### What the task asks
Repeat the data exactly as given below, dropping every picture.

### Provided data
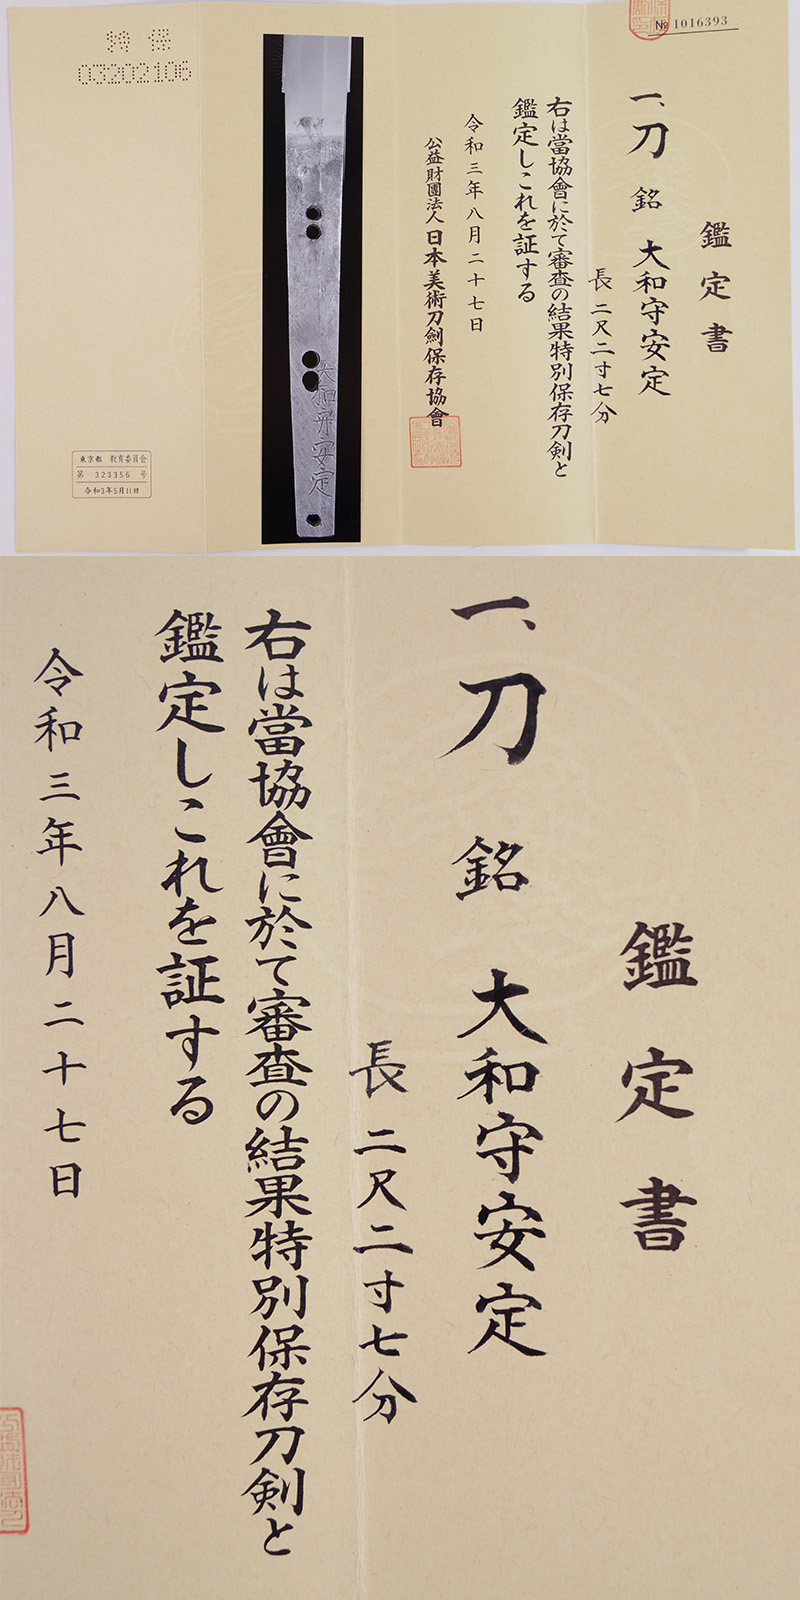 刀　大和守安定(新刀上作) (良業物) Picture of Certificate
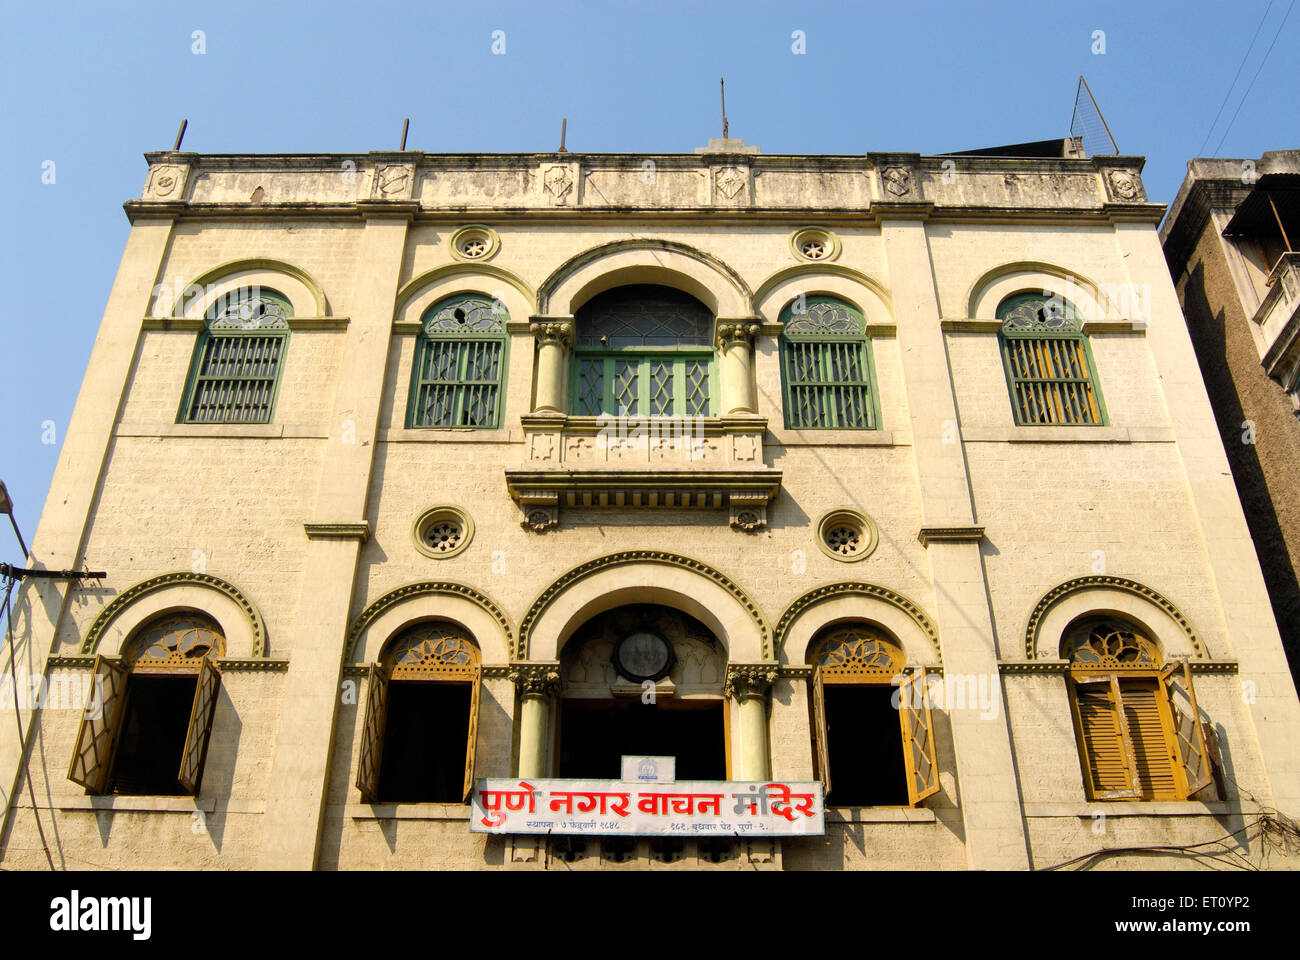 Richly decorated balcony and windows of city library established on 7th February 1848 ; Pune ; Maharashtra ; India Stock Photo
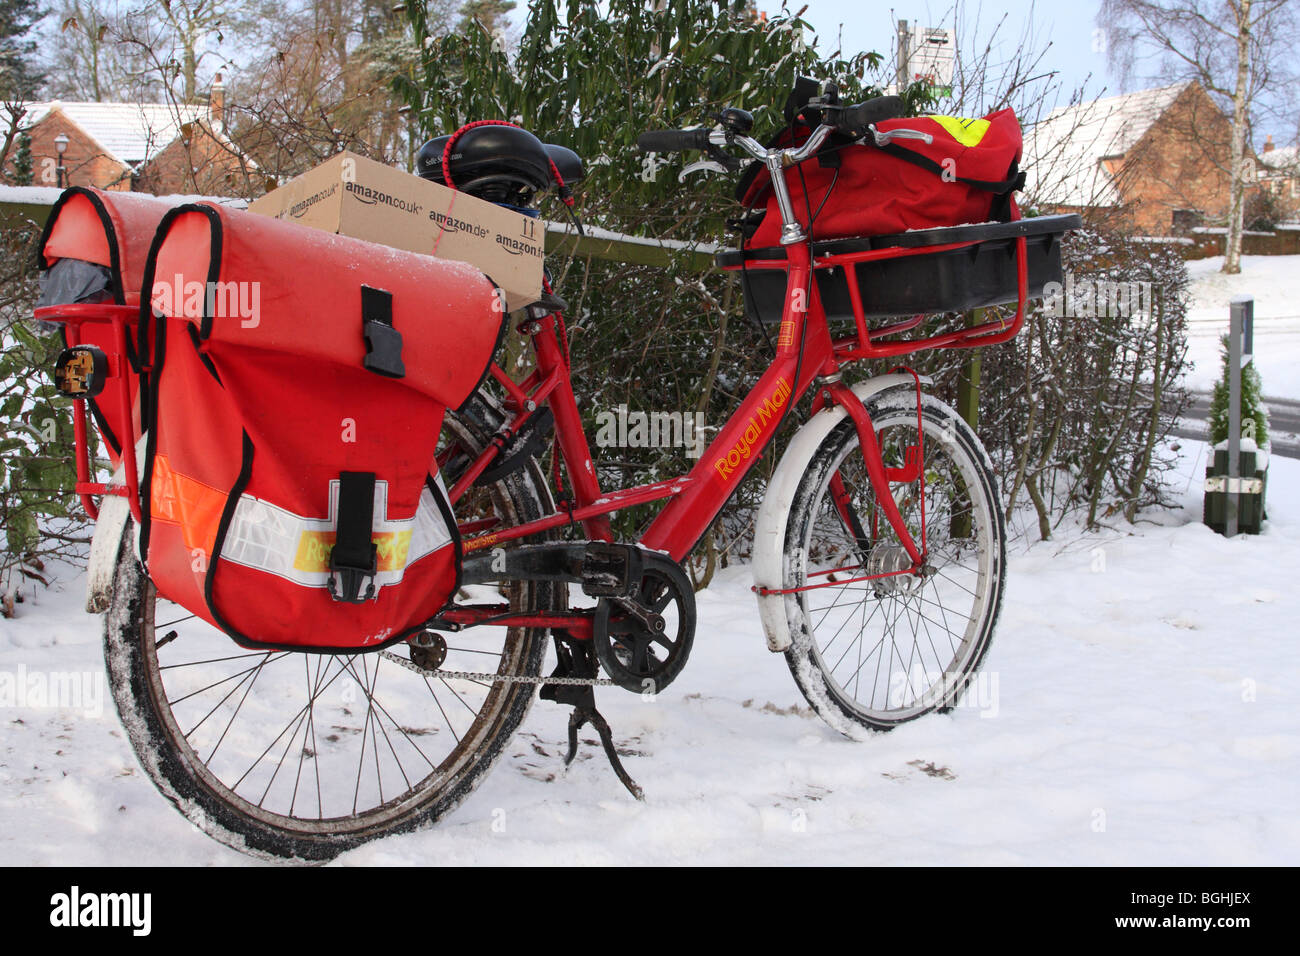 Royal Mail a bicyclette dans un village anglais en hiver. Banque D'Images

### Solution to this task
 刀　大和守安定(新刀上作) (良業物) Picture of Certificate
 Richly decorated balcony and windows of city library established on 7th February 1848 ; Pune ; Maharashtra ; India Stock Photo
 Royal Mail a bicyclette dans un village anglais en hiver. Banque D'Images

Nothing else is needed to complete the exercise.